They halted at another pair of heavy doors, and some lesser

dwarfs came forward to take the horses away. Inside the doors, Leifr

surveyed a vast, gloomy hall, cluttered with benches, sleeping

platforms, and tables, all gathering coats of dust from long disuse. In

the farthest end, a meager fire burned in the corner of a monstrous,

blackened hearth, with grinning carvings leering out of the soot. A few

benches and tables looked as if they were frequently used, and the

sleeping platforms on either side were neatly spread with troll- and

deerskins and soft down eiders. The furniture was carved for the

express purpose of looking grim and uncomfortable, and someone had

gone to a lot of trouble to make it so, with scenes of monsters being

killed, great battles, and grim moral tales carved into the wood for

centuries of Dvergar to look at and feel gloomy. Leifr looked around

and felt his hopes being quenched, one by one, until he had no

expectation of any support from this meager outpost of dwarfs.

He discovered that there were only twenty-one of them, and their

means of livelihood was rather tenuously supported by a pony train

that went over the fells twice a year to fetch provisions from a

larger entombment of dwarfs. Before the advent of Sorkvir and his

Dokkalfar, the primary function of Hjaldr’s settlement was metalwork

of some esoteric nature that Leifr did not feel encouraged to inquire

into. Dwarfs, he gathered, were rather solitary by nature, distrustful of

the above-ground folk, and parsimonious to an extreme degree.
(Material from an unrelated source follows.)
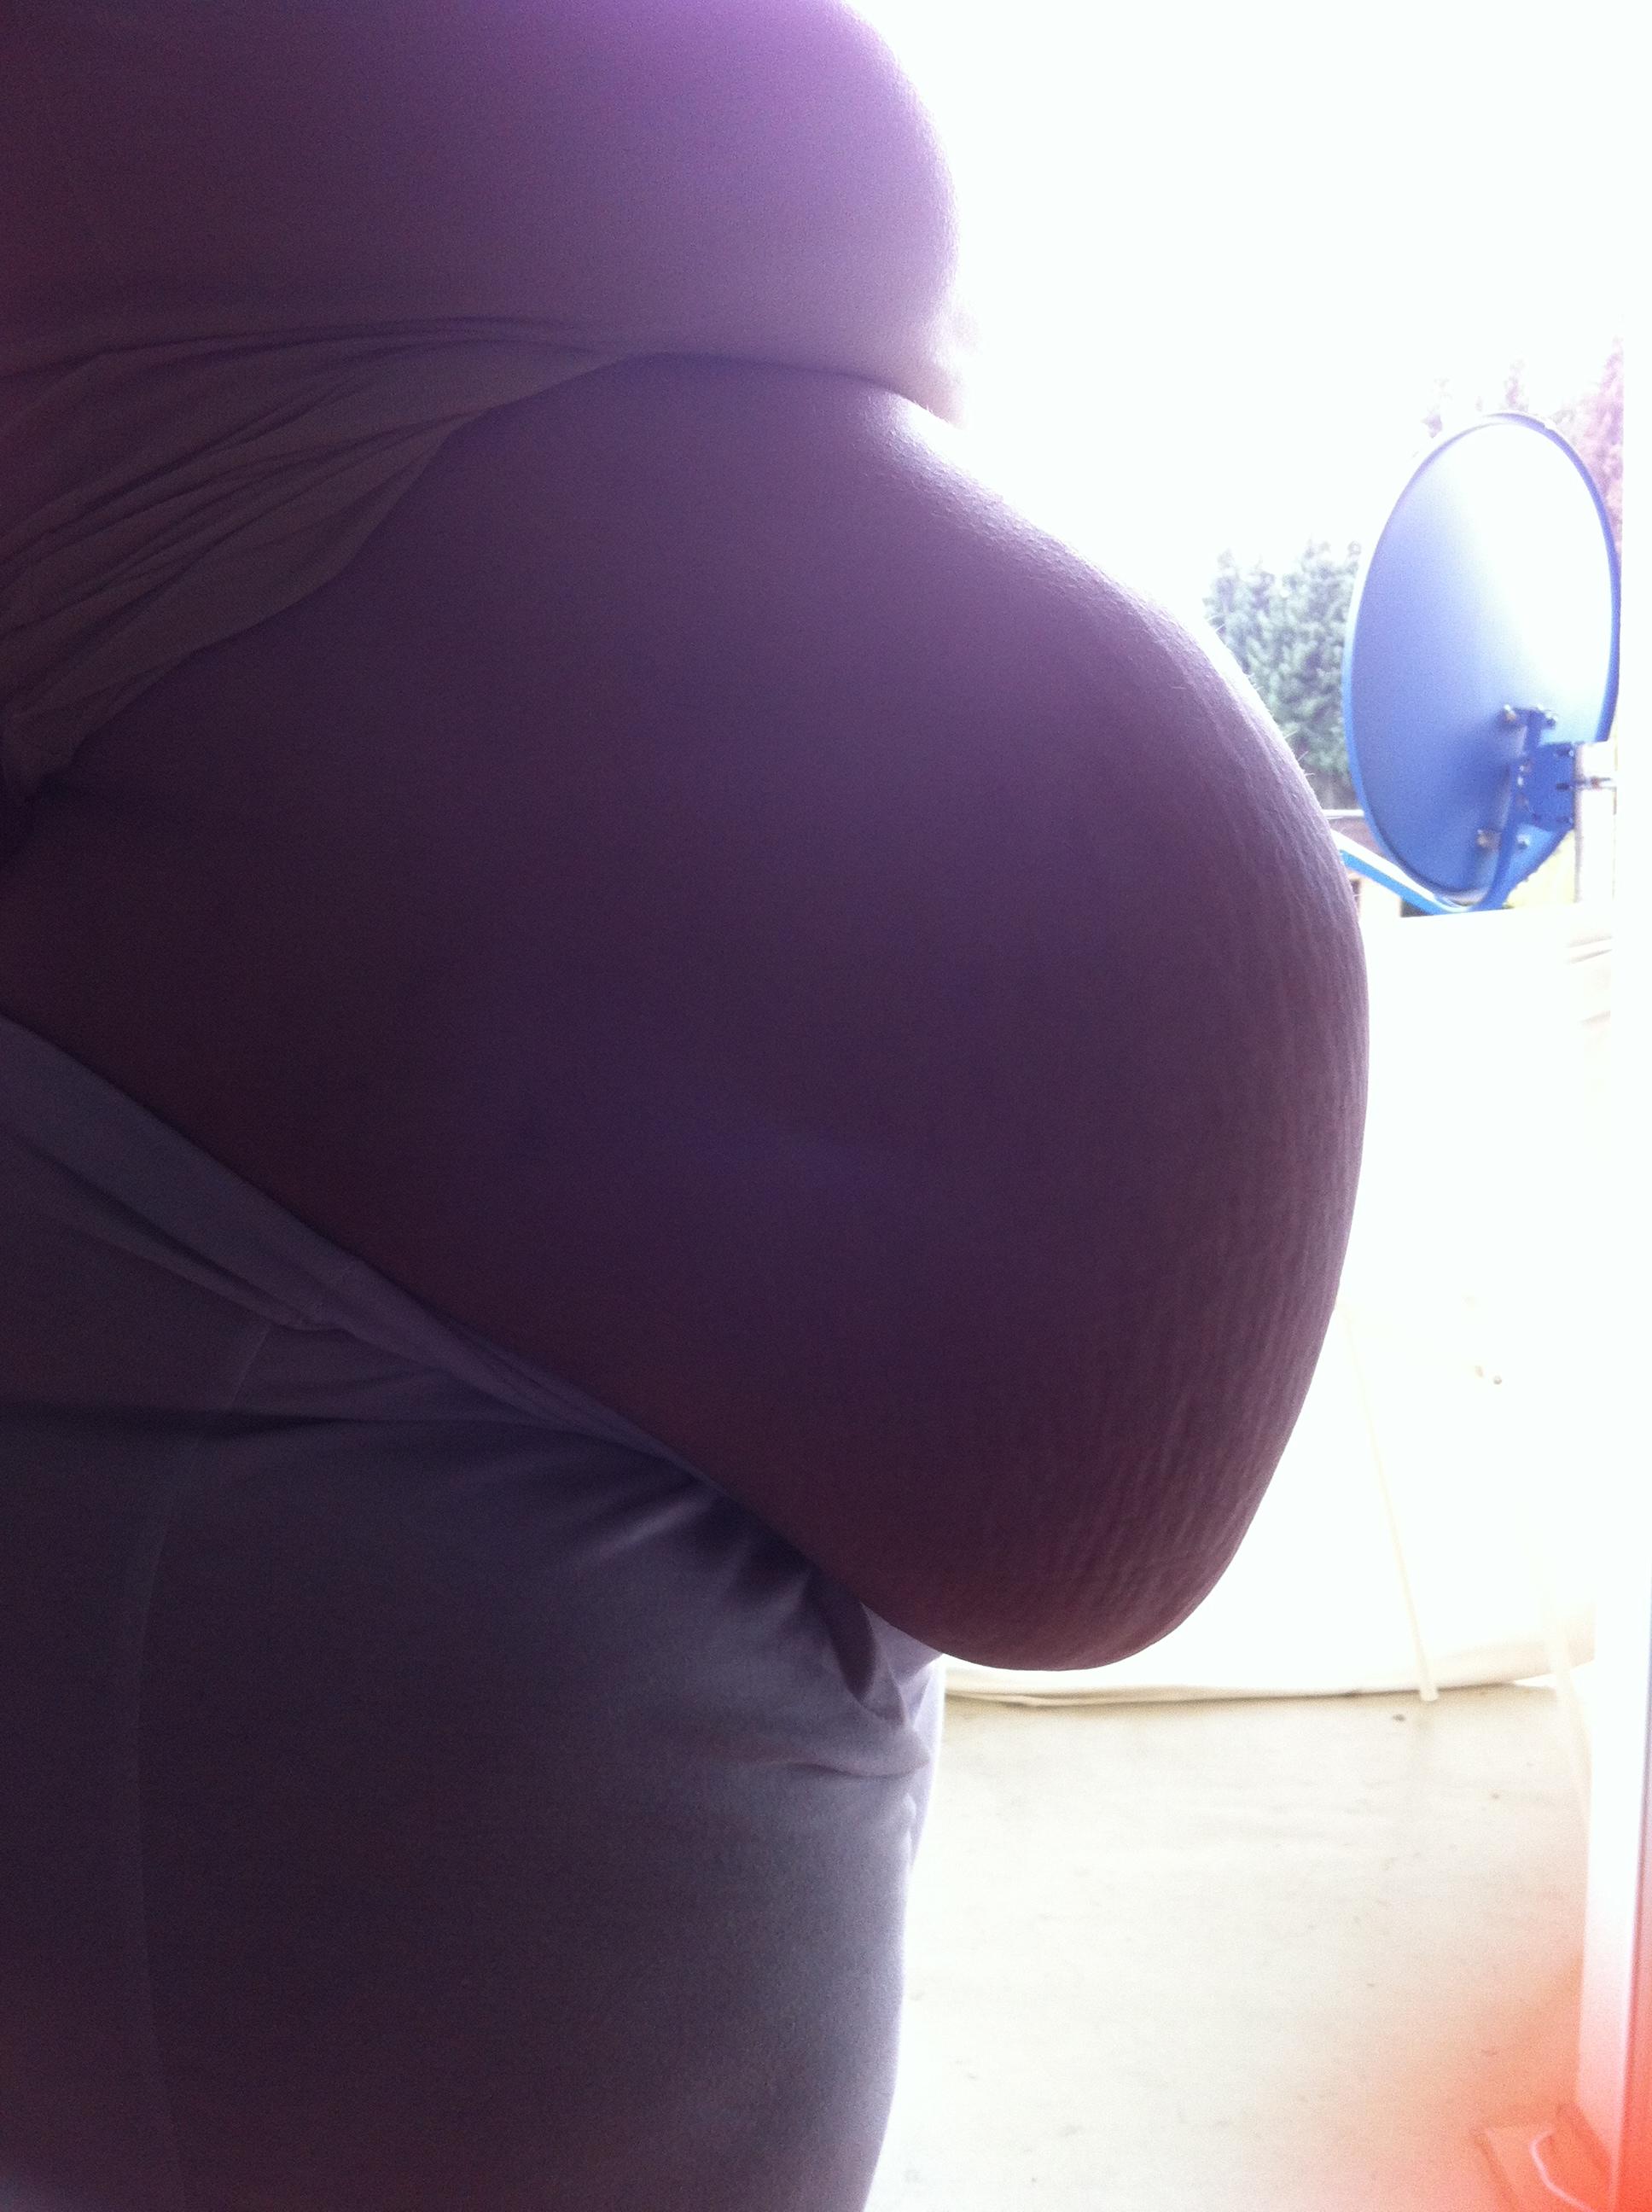 Hängebauch nach schwangerschaft

The

food was of the sternest and plainest manufacture—Leifr had never

tasted such unyielding and flavorless meat in his life—and the ale must

have been watered down three times to give it such a flat and colorless

quality.

When the cheerless meal was finished, all the dwarfs took out

their pipes. In a few moments, the air reeked with bitter smoke of

a greenish color. Then Hjaldr began droning the words of a skald,

and the others took it up like a swarm of dispirited bees, marking the

time with nodding heads and tapping knives, their eyes turned upward

to the wall above Leifr’s head. Finally he turned around, unable to

bear the curiosity of wondering what they were looking at. Twenty-

eight helmets hung there, some of them fearfully dented and

smashed in, as a silent reminder of their loss.

When the singing was over, the dwarfs took their leave of their

guests and went about their business. Leifr heard horses pass the door at

the far end of the hall; somewhere someone started hammering,

resounding blows that echoed with patient regularity down the

echoing corridors of the underground settlement.

Hjaldr folded his hands, resting his elbows upon the table and

glowering at his guests. “I dare say you’ve noticed the change

in our standards of hospitality,” he began rather truculently.

Dokkalfar have thrown us out of our fine Grindstone Hall,

but we’ll make the most famous hospitality known to all Alfar. This,

I assure you, will remain one of the most memorable of meals.”

Gotiskolker glared and kicked him under the table. “As a

scavenger, I’ve eaten much worse,” he said, “and felt far more grateful.

Once I had to eat my own dog.”

Leifr glared at both of them, wondering how to excuse two

such extremes.

Apprehensively he looked at Hjaldr, who didn’t seem offended in

the least.

“We Dvergar are accustomed to saying what we think,” he said.

“Perhaps the next time we meet, it will be under happier

circumstances.” He glanced up at the rows of helmets. “We’ve all

foresworn any but the plainest of food and drink and all the creature

comforts until our fallen comrades are avenged. Twenty- eight stout-

hearted Dvergar died when Sorkvir took the Grindstone Hall from us.

We won’t celebrate until we return to our rightful place with honor.

Then we shall hang these helmets on the wall and drink to them with

the blood of our enemies.”

Feeling the hair rise on his neck, Leifr fervently hoped that he

wouldn’t be numbered among the enemies of the Dvergar.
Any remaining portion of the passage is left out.